Silently hiding under the mixing desk: Roland A-880

Recently I had to revise some cabling and routing under the mixing desk, when I found a rack device. A MIDI patch bay, the A880. It was happily blinking and had silently done its useful job there for at least 10 years. After looking it up, it turned out to be an actually more than 30 years old product from Roland! You can also see the dust on the cables in my setup.

Then the question is: do you need a MIDI patch bay? The answer is twofold. MIDI itself is an ancient protocol. If you have MIDI devices and a computer hooked up via MIDI, I will say that you cannot do without a MIDI patch bay. However, MIDI is showing its age and probably some of you are using USB instead. Also, new MIDI standards are now seriously being discussed. Possibly resulting in something altogether new that may not be supported by the A-880.

The current standard MIDI protocol is ancient. And when you look at it technically it is also slow and limited. Of course it is fast enough to connect a keyboard to an instrument or a computer. Most devices allow daisy-chaining to connect any chain of computer and keyboard and MIDI instruments you have. However, that is when you will find that MIDI has its limitations. If you daisy-chain more than three devices you will likely hit one of its limitations: bandwidth. When too much information passes through a single chain, then you will get traffic jams and you might start hearing hick ups.

This is where a MIDI patch bay kicks in. Instead of daisy-chaining you can now connect devices in parallel.
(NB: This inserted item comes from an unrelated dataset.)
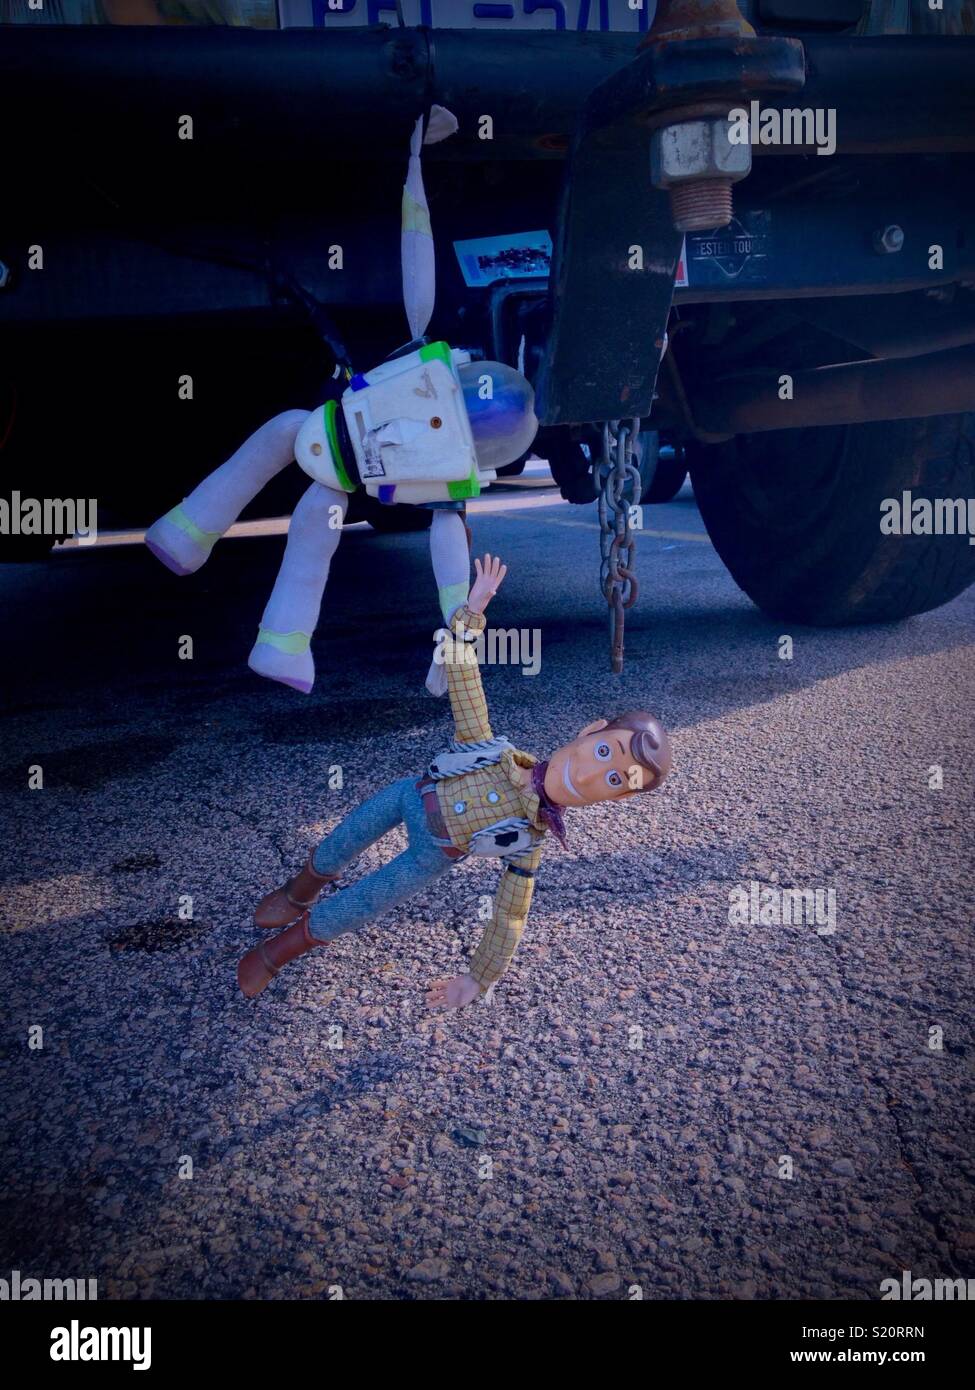 Woody and Buzz toys from Toy Story movies "cling" to car bumper in North  Carolina parking lot Stock Photo - Alamy
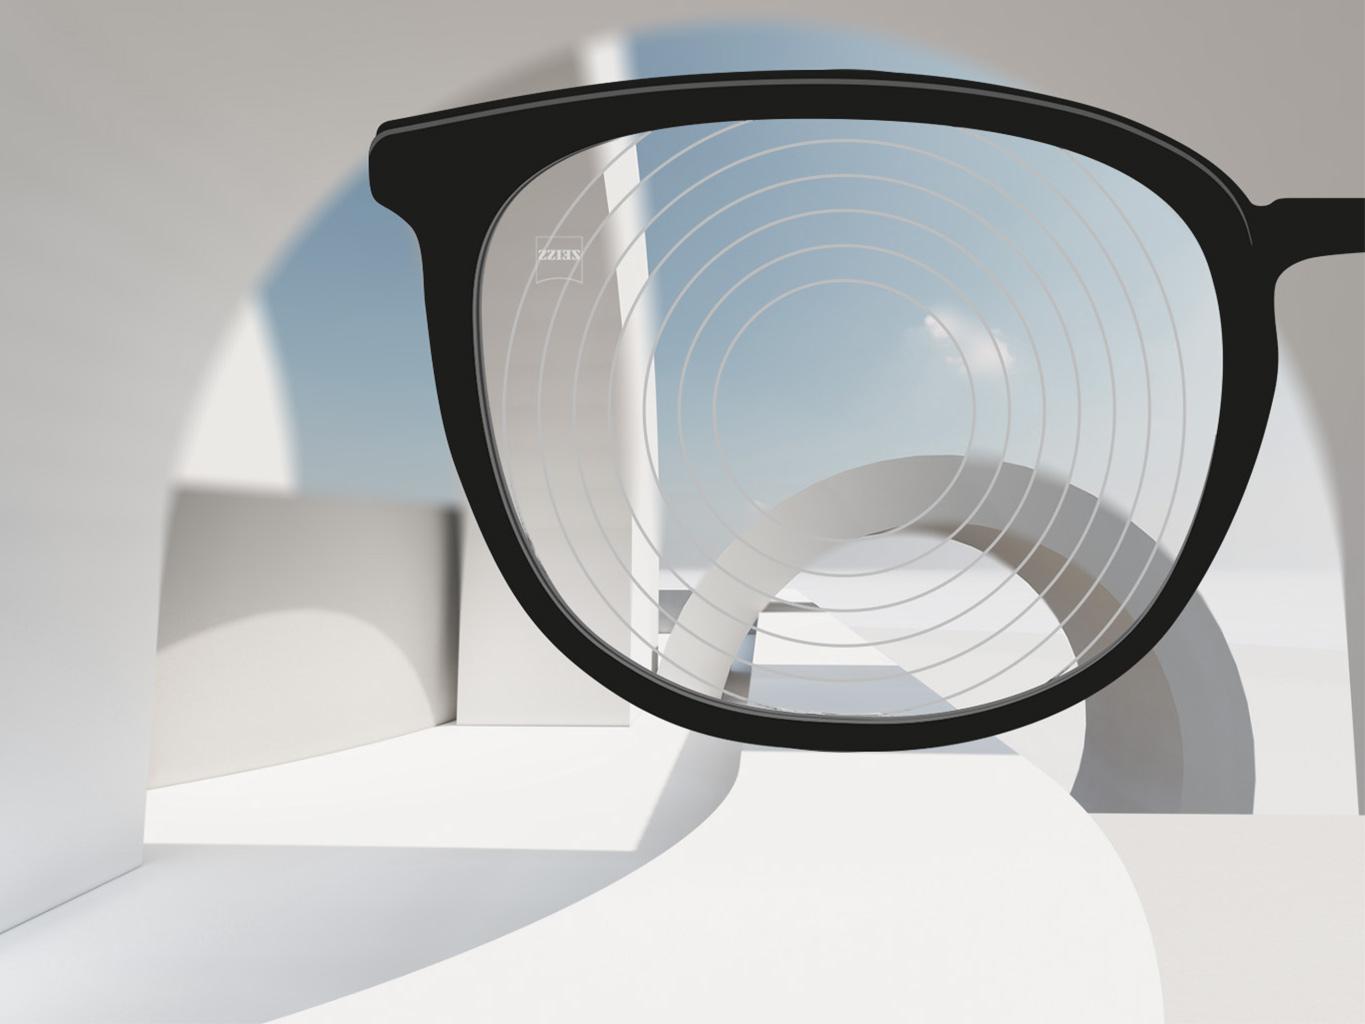 A close-up image of Myopia Management lenses by ZEISS, with black eyeglass frames and concentric circles on the lens surface.

The A-880 connects 8 inputs to 8 outputs. Each of the individual connections to a midi device from the patch bay can now pass the maximum amount of data without traffic jams. Also with some simple button presses you can determine which input gets sent to which output. Allowing you to have more keyboards and route inputs from there to more devices. The forever friendly blinking lights show you which inputs go to which outputs.

Inputs 1 and 2 are special. They are positioned on the front panel and easily reachable when you assign those as merging inputs (<- edited because of Fred’s comment below). I use the patch bay in its most simple and useful form. The inputs from my main master keyboard are mixed with the input from the computer and then sent out through all remaining outputs at once. This is the blinking pattern that been the core of my setup for more than a decade. Only occasionally I push the Signal button. Then the blinking lights show which devices actually send data.

It may be that the future of MIDI does not include the A-880. This will be the moment when I will switch off this blinking, silently working work horse. And I will remove it from its hidden place under the mixing desk.

Komplete Kontrol A49, you’re not using it right

Please note: starting with version 10.0.5, support for the A40 keyboard is integrated in Ableton live. If you use a new version of Ableton Live please read this article.

After a month of working on singing and performing. Everything but working in the studio, I wanted to get up and running again with making music. As always, I started with updating the studio software. When updating the Native Instruments (NI) suite I am using, the A49 was part of the updates. When playing around in Ableton Live after that it soon became obvious that things did not work quite right. So it was time to reserve some hours diving into this.

The NI Native Access manager was updated and the first step is then of course to check all the software installations inside it. It soon turned out that the VST installation path of Komplete Kontrol was not correct anymore. NI likes to think that it is the only source for plugins on your computer, so I needed tot tell it that VSTs are located elsewhere on the computer. The Komplete Kontrol installation was then fixed by reinstalling. Nice.

After checking if both the version of Komplete Kontrol inside Live and Komplete Kontrol as a standalone application were matching. Things started working again. A plugin rescan was needed to pick up all NI instruments in both versions, so a lot of instrument settings were not matching up apparently. Also a quick scan of the MIDI integration settings revealed that the integration was still correct.

I use the Komplete Kontrol Rack VST in Ableton Live, but when you update your NI software this is not automatically updated in Ableton Host Integration. Time to copy vst files (vst) all over again from C:\Program Files\Common Files\Native Instruments\Host Integration\Ableton Live to D:\Documents\Ableton\Library\Presets\Instruments\Instrument Rack. Or some equivalent on a Mac.

This Komplete Kontrol instrument rack can host any plug in instrument and map the A49 knobs to macros to controls in the instrument. Please note: Only use this for all instruments other than NI instruments! You must manually map any control to any control inside the instrument. Not very pretty, but once you’ve set it up it works.

And what if you do want to use a NI instrument? I also found out that instead of adding Kontakt to a track to start working with a NI instrument, as I always did, its better to use the Komplete Kontrol plugin. This immediately gives you full control with the A49 and allows you to quickly switch instruments on the fly. Oh well. Never too old to learn.